*WORK INSTRUCTION*
All the lines below need retyping exactly, apart from the images.

*RECORDED INFORMATION*
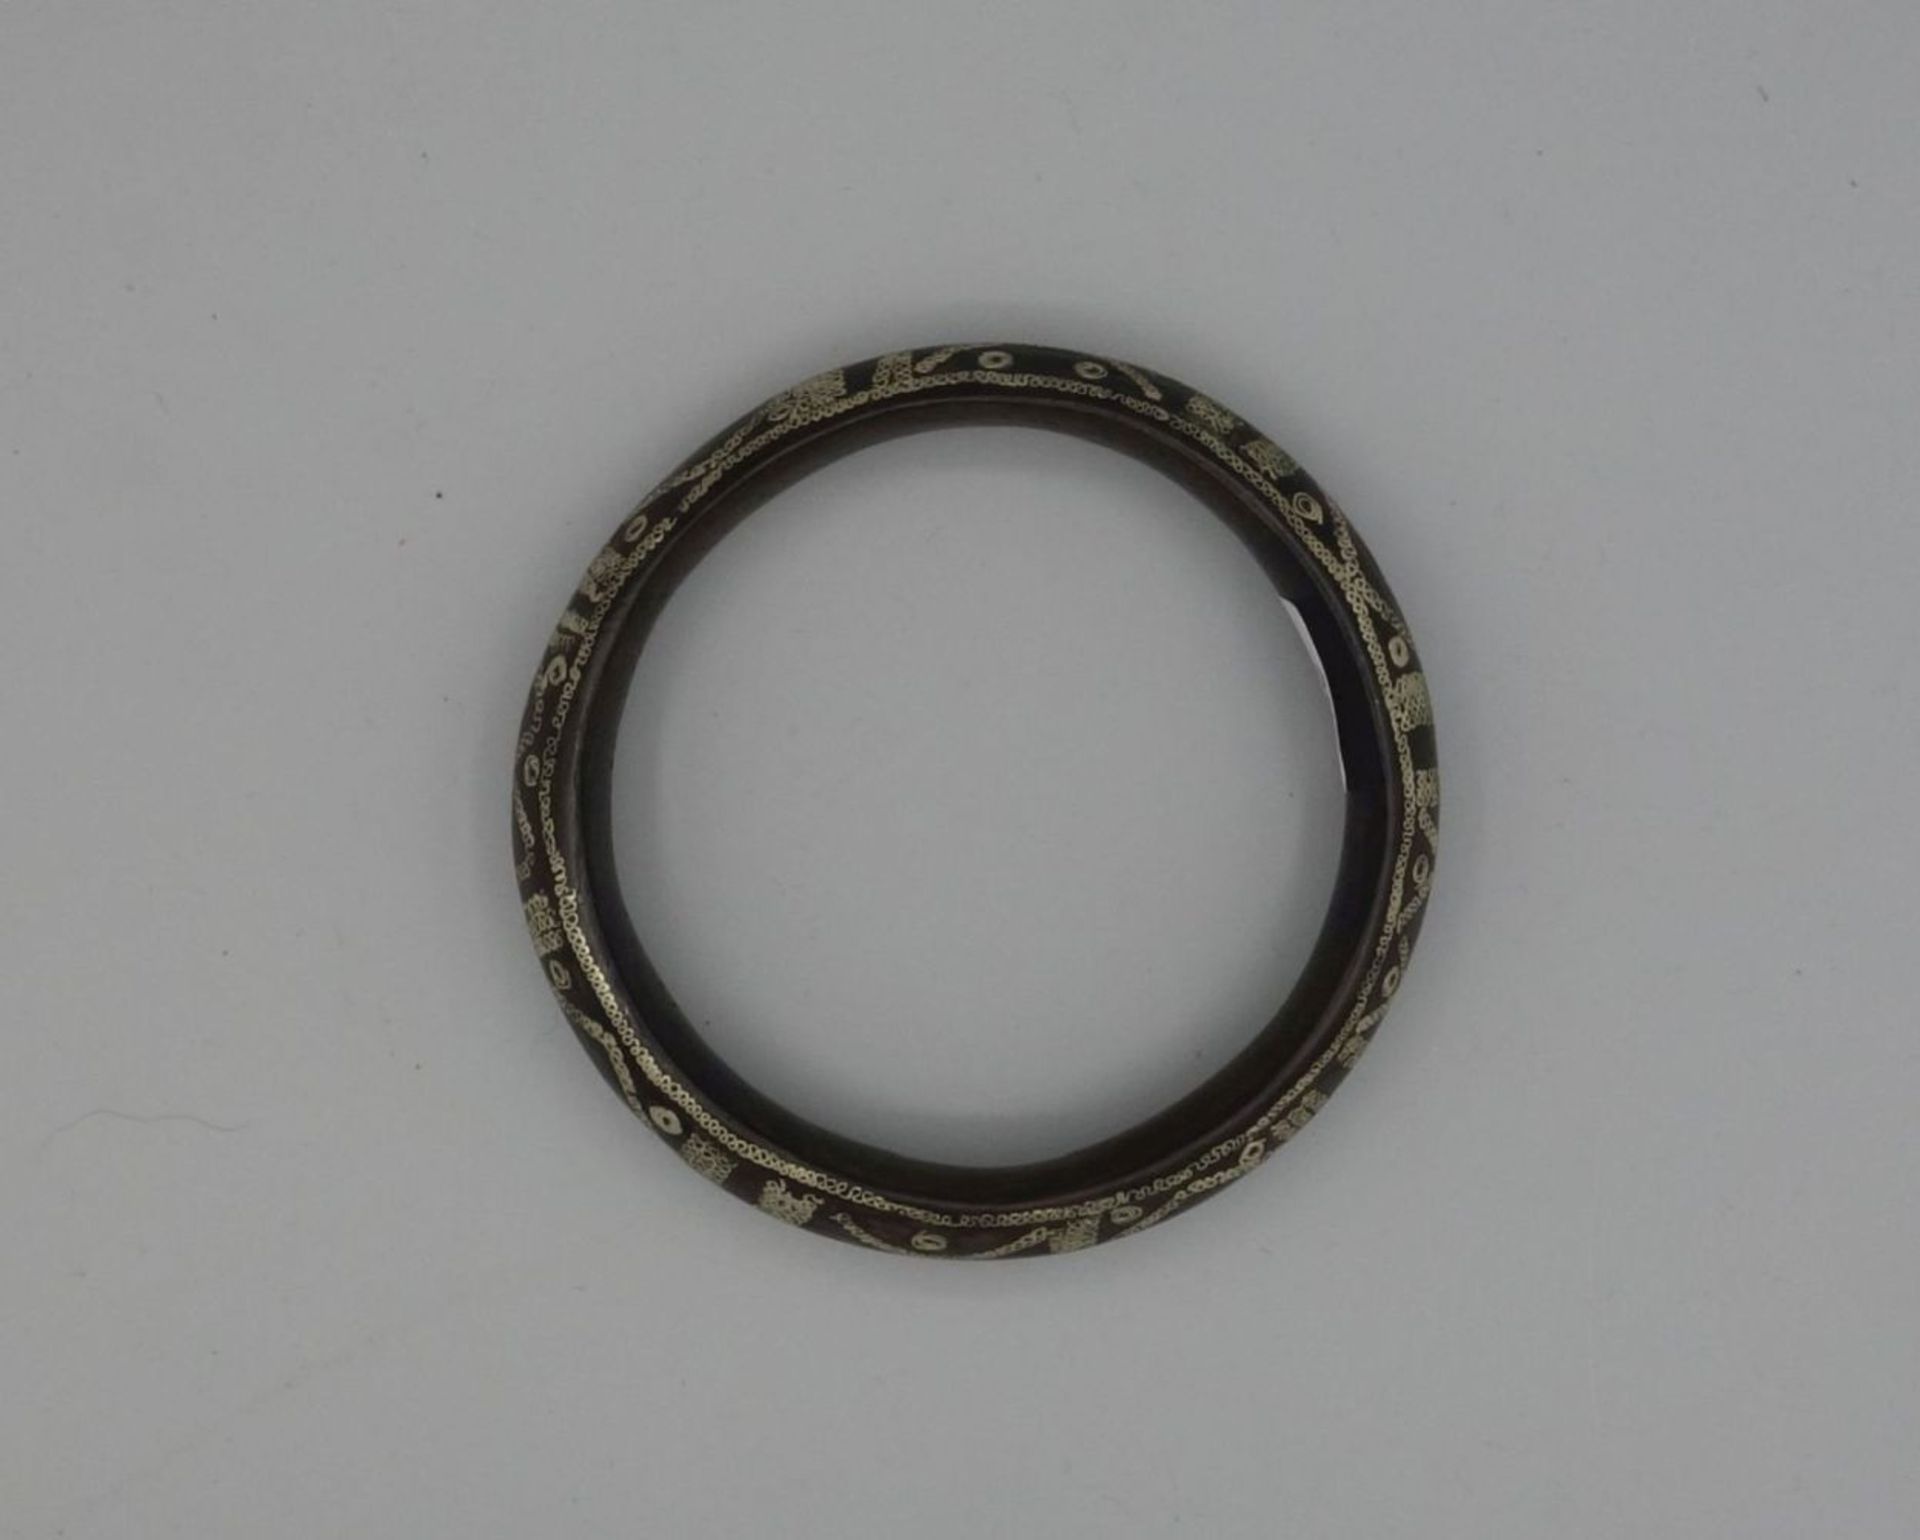 BERBER-SCHMUCK: ARMREIF / oriental bracelet, Mauretanien, Nordwest-Afrika. Holz. Monochrom - Image 3 of 3
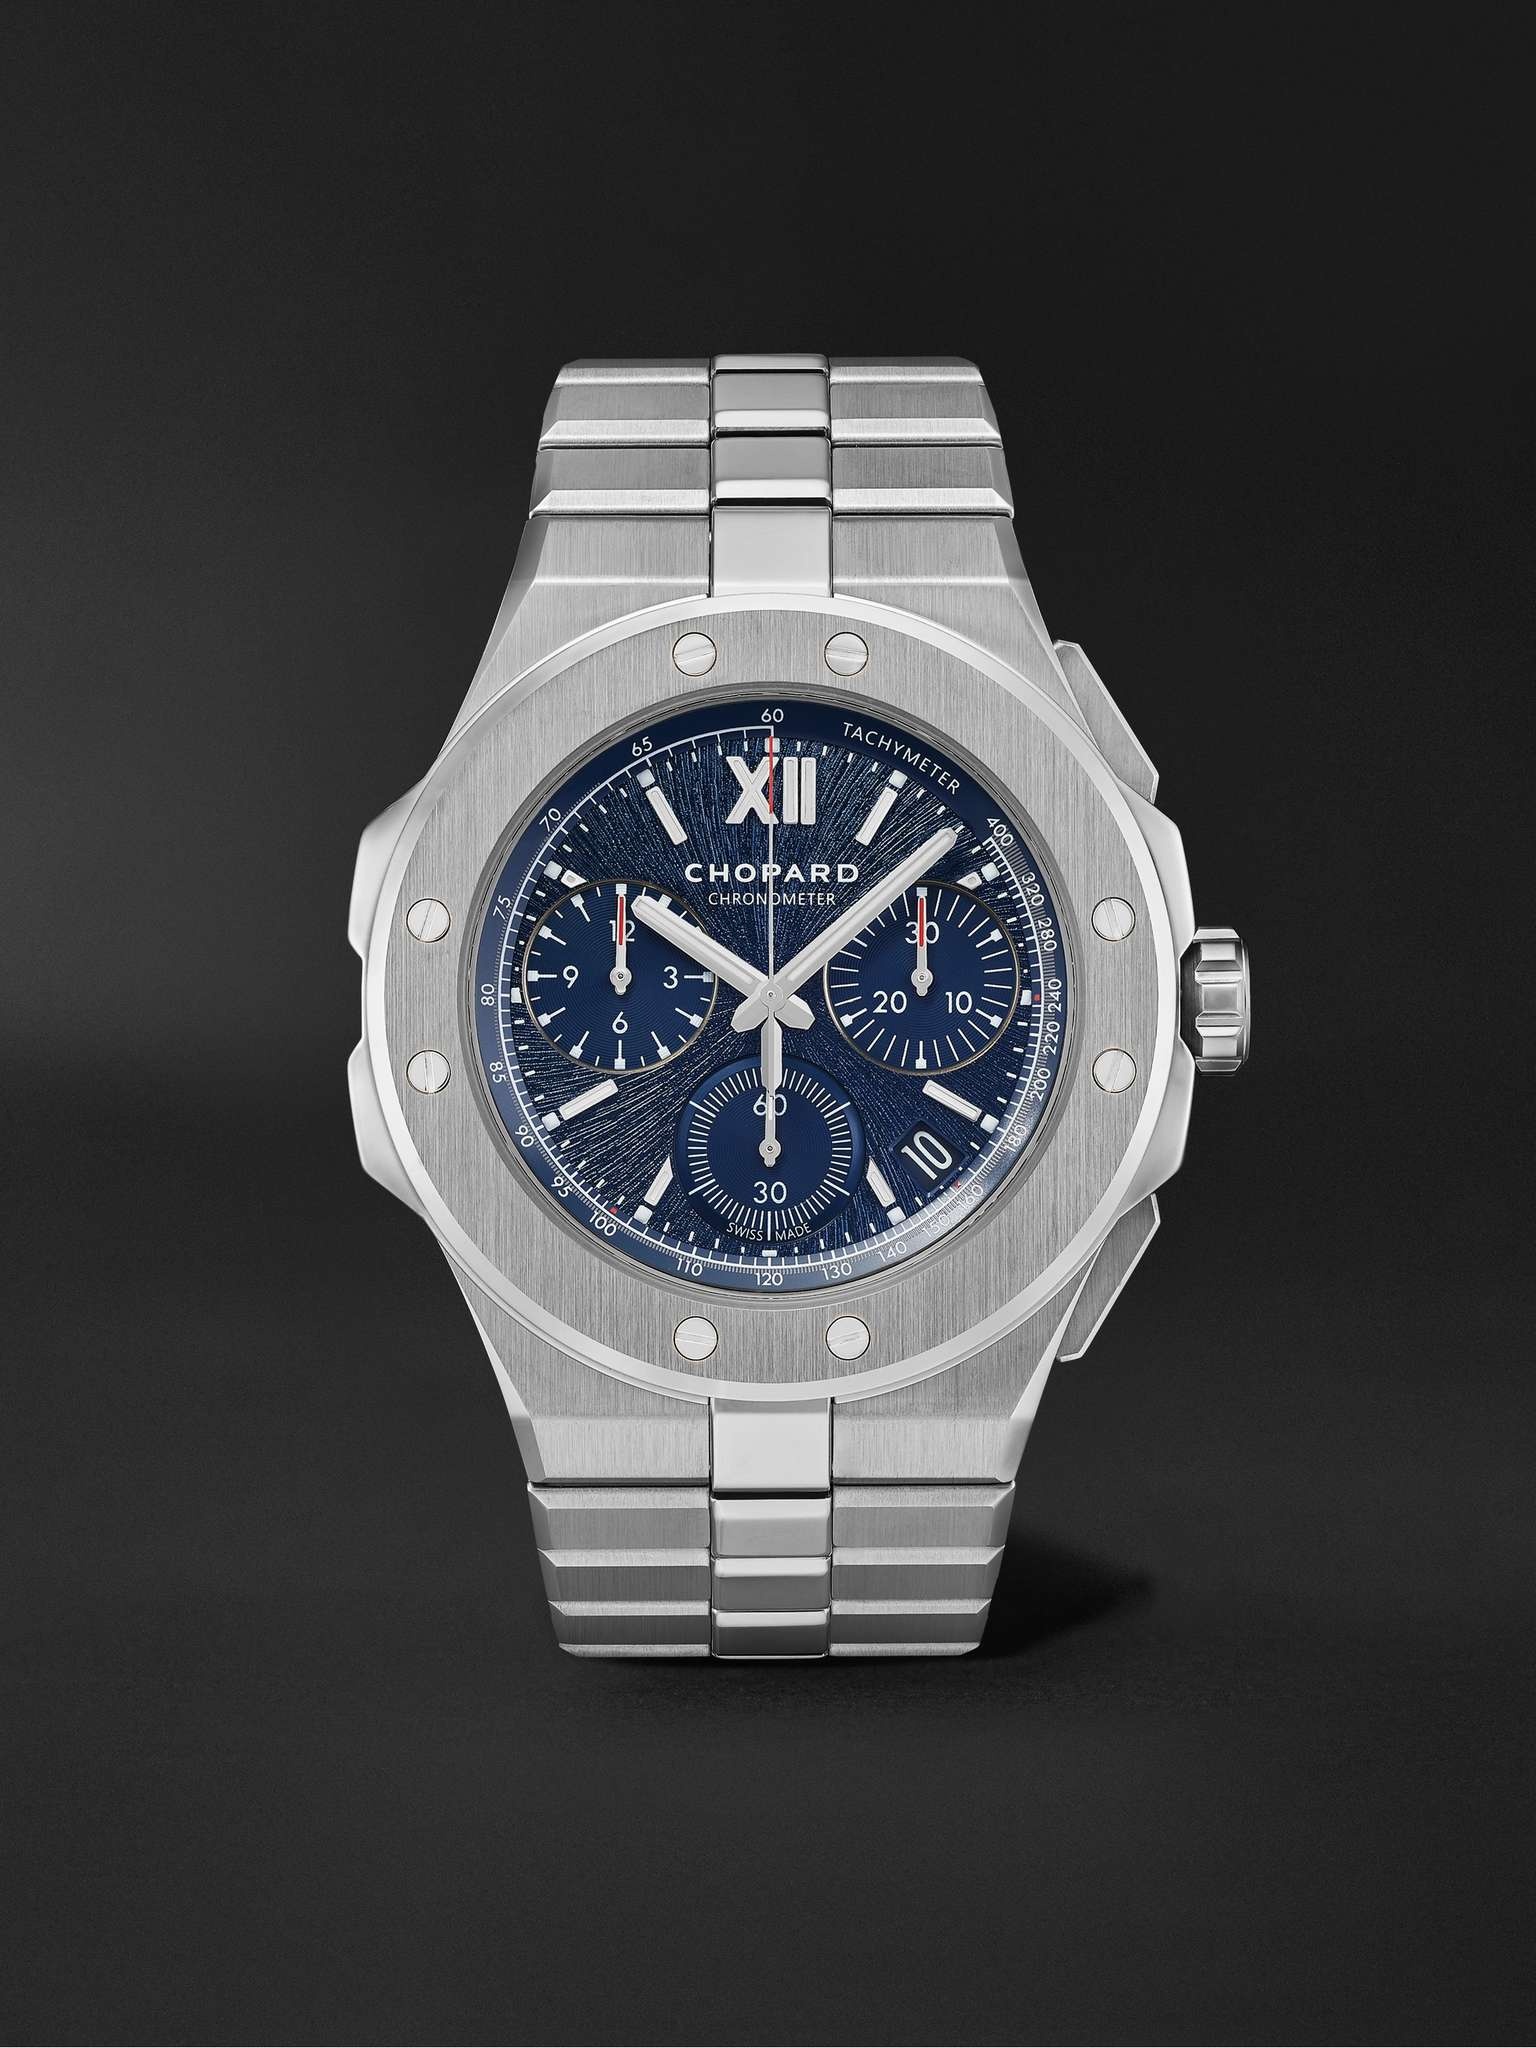 Alpine Eagle XL Chrono Automatic 44mm Lucent Steel Watch, Ref. No. 298609-3001 - 1
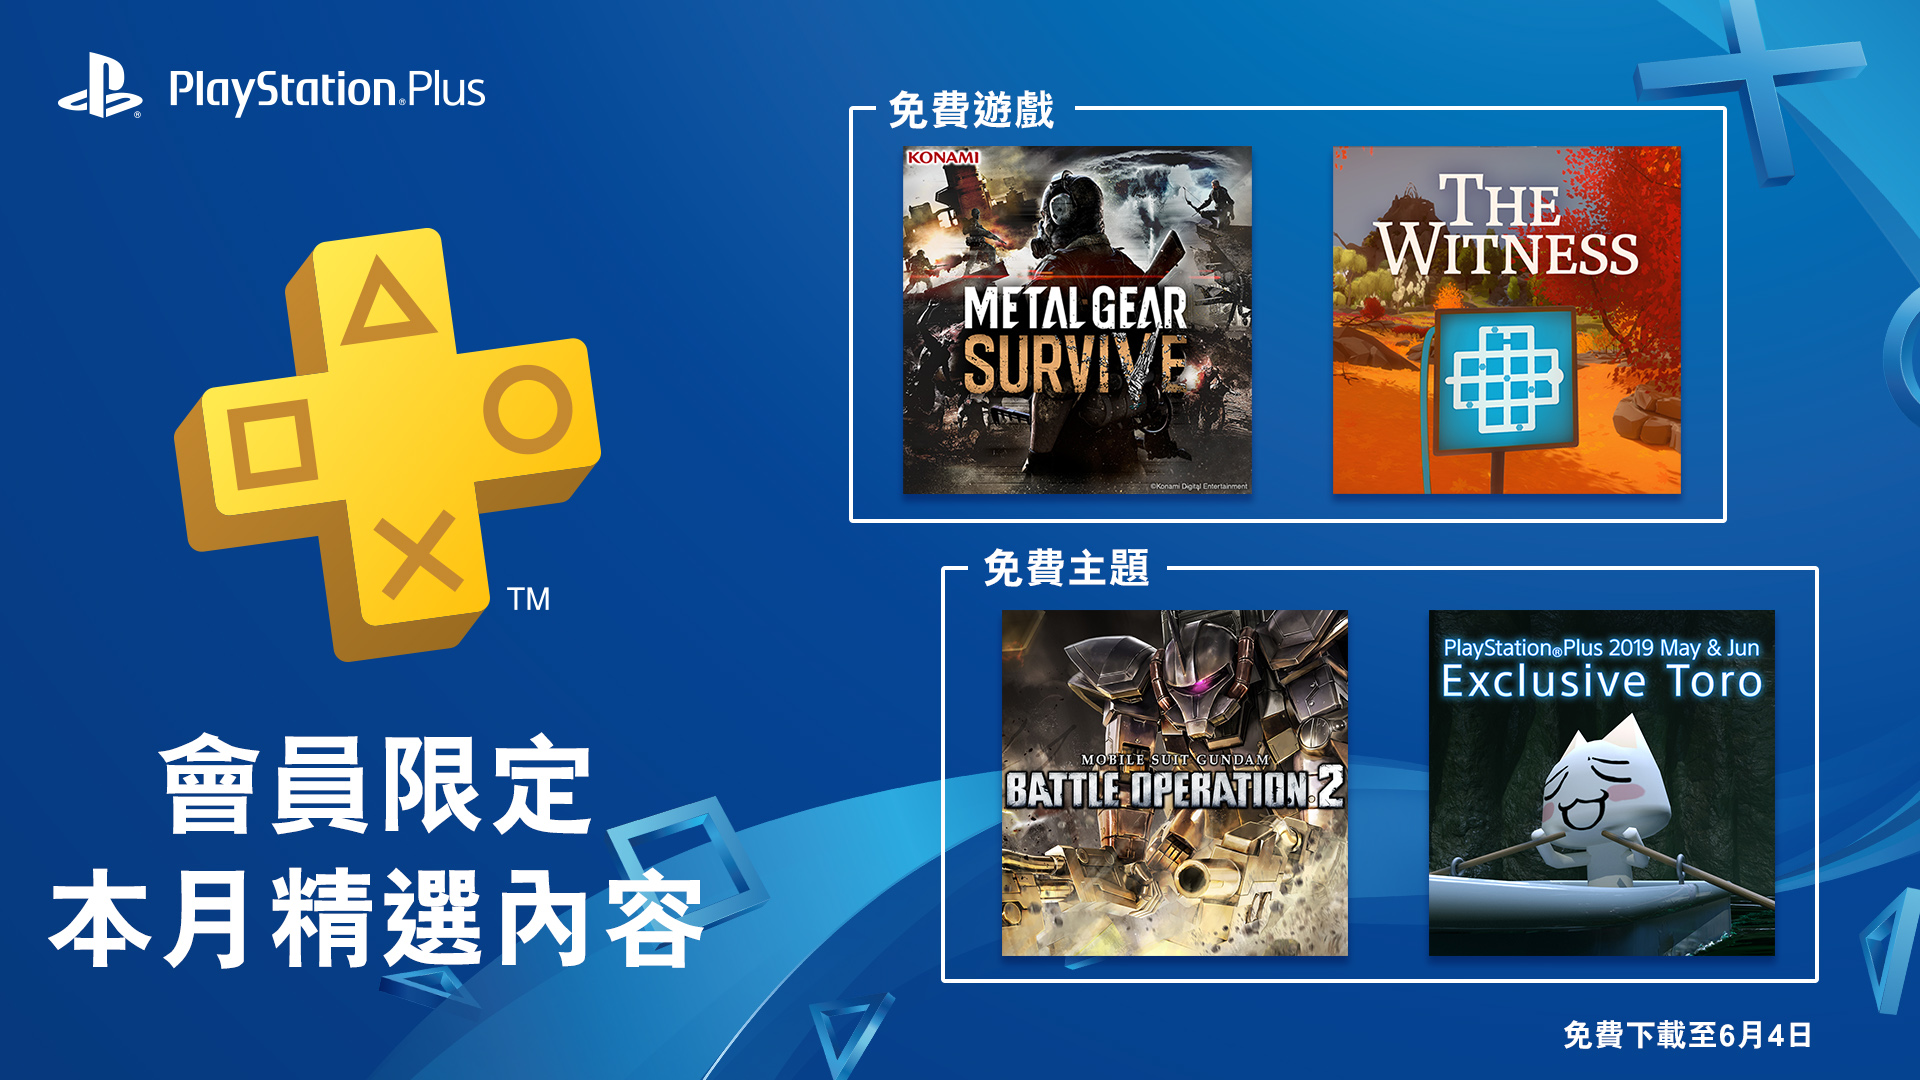  PlayStation Plus  2019 年 5 月份 免費遊戲公開 ：《潛龍諜影 求生戰》與《見證者》

*TASK RESULT*
 BERBER-SCHMUCK: ARMREIF / oriental bracelet, Mauretanien, Nordwest-Afrika. Holz. Monochrom - Image 3 of 3
 Alpine Eagle XL Chrono Automatic 44mm Lucent Steel Watch, Ref. No. 298609-3001 - 1
  PlayStation Plus  2019 年 5 月份 免費遊戲公開 ：《潛龍諜影 求生戰》與《見證者》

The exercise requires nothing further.